A son échelle, Marie Le Boiteux, a également décidé de réagir, pour ne pas laisser les femmes « dans l’ignorance« . En plus de la page Facebook, un forum a été créé pour envisager des actions à mettre en place. Une association « Stérilet vigilance hormone » doit également être créé ce mardi ou mercredi. 

 » Le but, c’est avant tout de continuer ce travail d’information et d’écoute des femmes. On souhaite également demander un agrément au ministère de la Santé, pour voir si une action de groupe est possible. Nous prenons contact avec des avocats ». 

Les patientes doivent-elles s’inquiéter ? 

Si plusieurs démarches sont mises en place, « rien à l’heure actuelle ne remet en cause le rapport bénéfice/risque du Mirena, qui reste positif dans les indications actuelles », précise toutefois l’ASNM. « Il n’y a aucune raison de retirer le stérilet si tout va bien chez les patientes. Le retrait n’est pas une de nos recommandations« , explique-t-elle. 

Bernard Hedon, professeur de gynécologie obstétrique au CHU de Montpellier et ancien président du Collège national des gynécologues et obstétriciens Français, tient quant à lui à dédramatiser :

« Nous sommes étonnés de l’ampleur qu’à pris cette polémique. Cela fait vingt ans que ce stérilet est utilisé et qu’il rend vraiment service à de nombreuses femmes. Il y a toujours eu une faible fréquence des effets secondaires. »
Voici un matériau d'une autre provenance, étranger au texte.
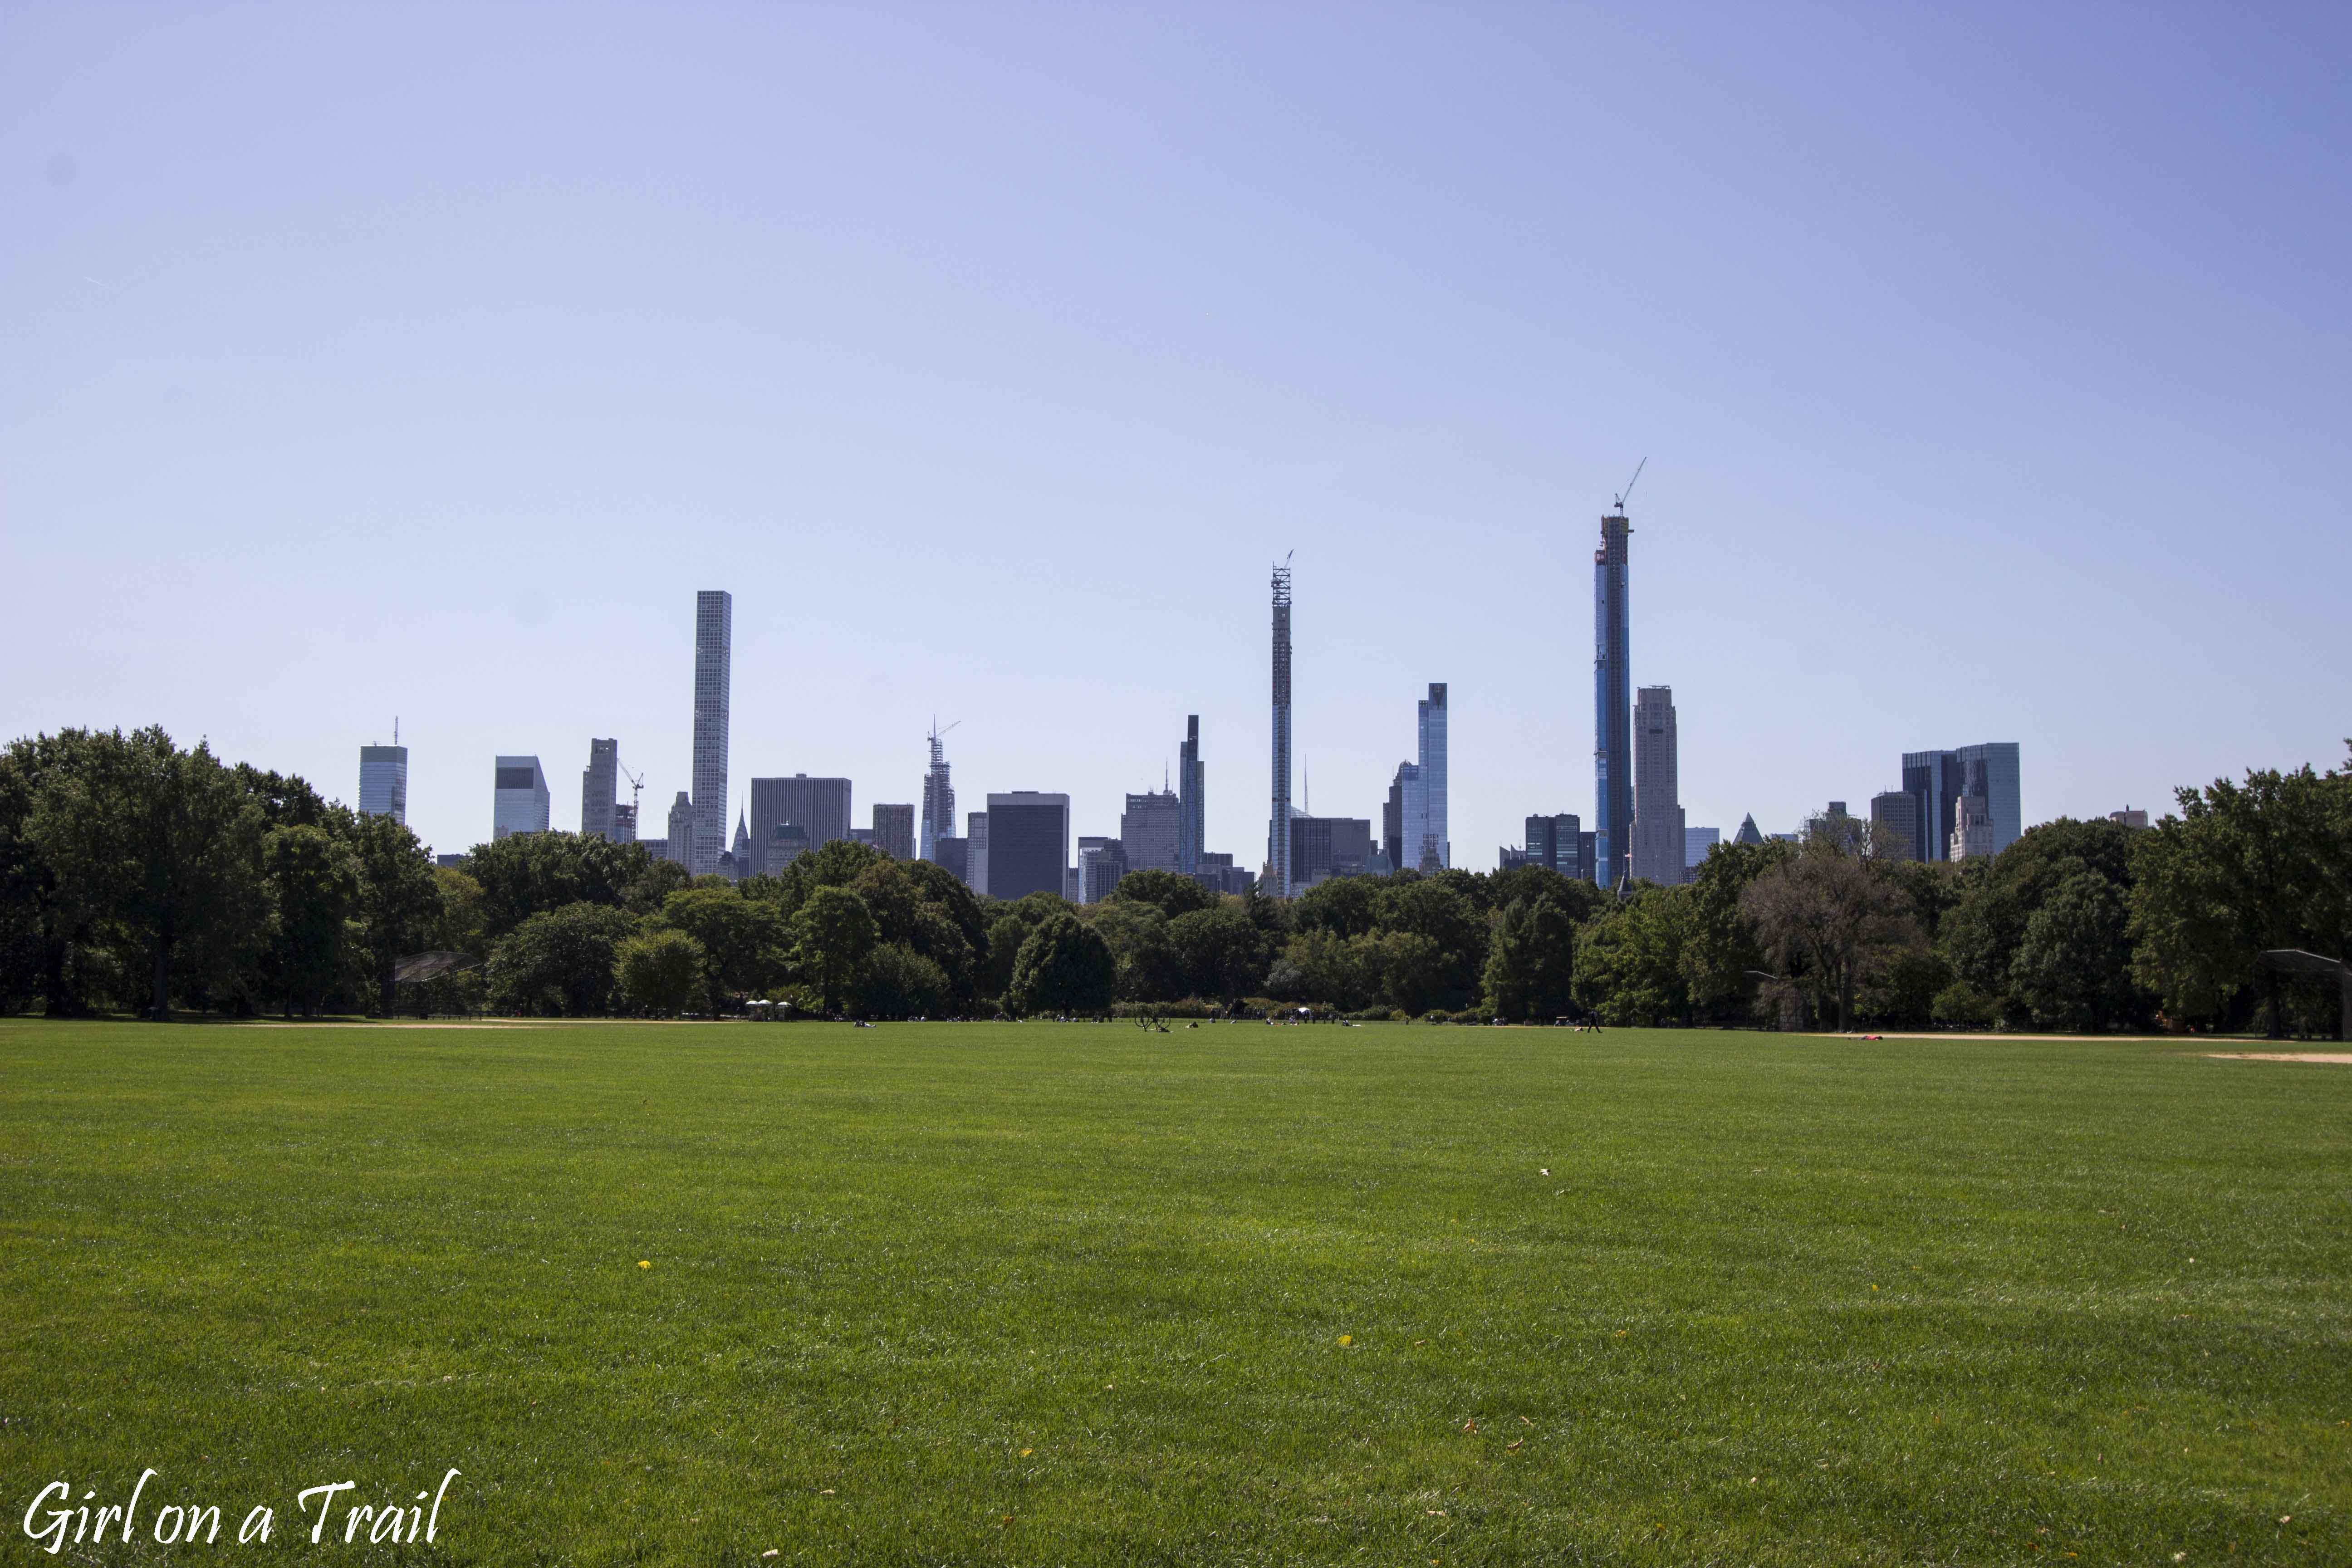 Nowy Jork - Central Park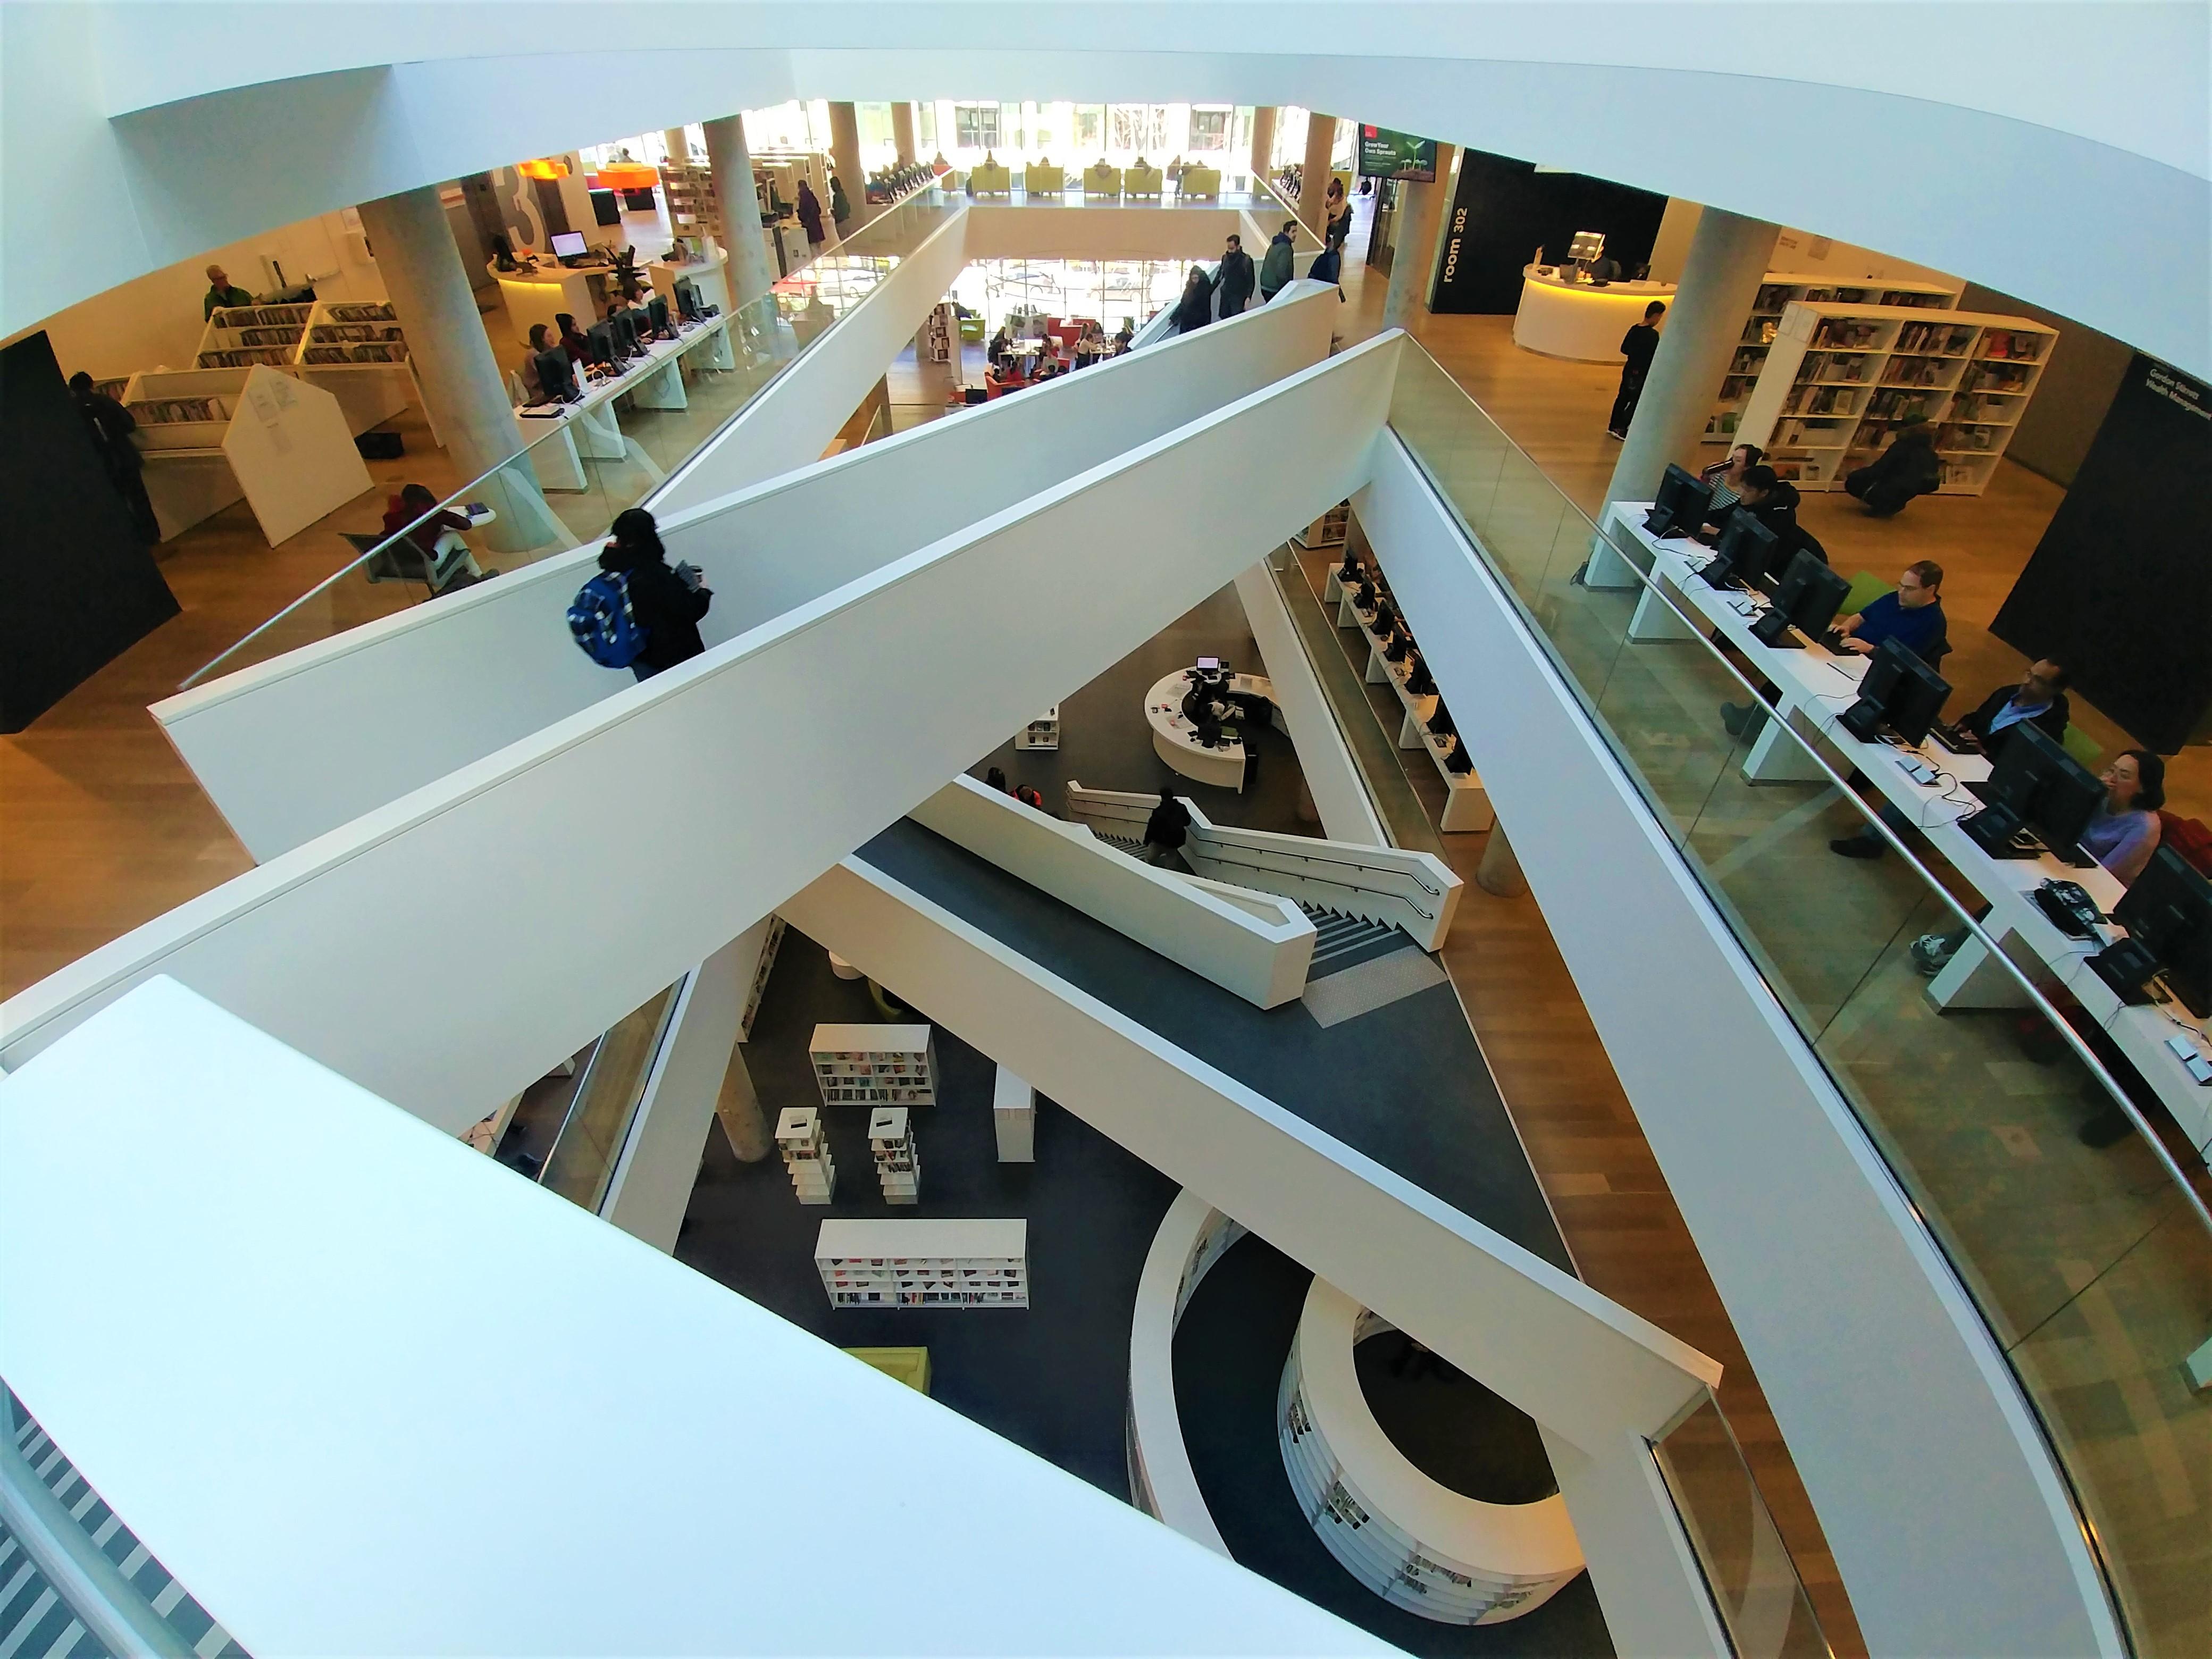 Halifax que voir bibliotheque architecture escapade nouvelle-ecosse blog voyage road-trip arpenter le chemin

Pour lui, les patientes ne doivent pas s’inquiéter : 

« Ça reste un super produit qui rend beaucoup plus de services que d’inconvénients. Maintenant, individuellement parlant, il est possible que des personnes aient eu des effets secondaires et que le vaccin n’ai pas eu les bénéfices attendus. Ce sont ces patientes qui se retrouvent sur les réseaux sociaux. Dans ces cas-là, il faut en parler à son médecin et analyser les choses calmement ». 

Le cas Mirena pour ce professionnel est donc loin d’être le début d’un scandale sanitaire : « faisons preuve d’objectivité, poursuivons l’enquête et agissons ensuite en conséquence », conclu-t-il.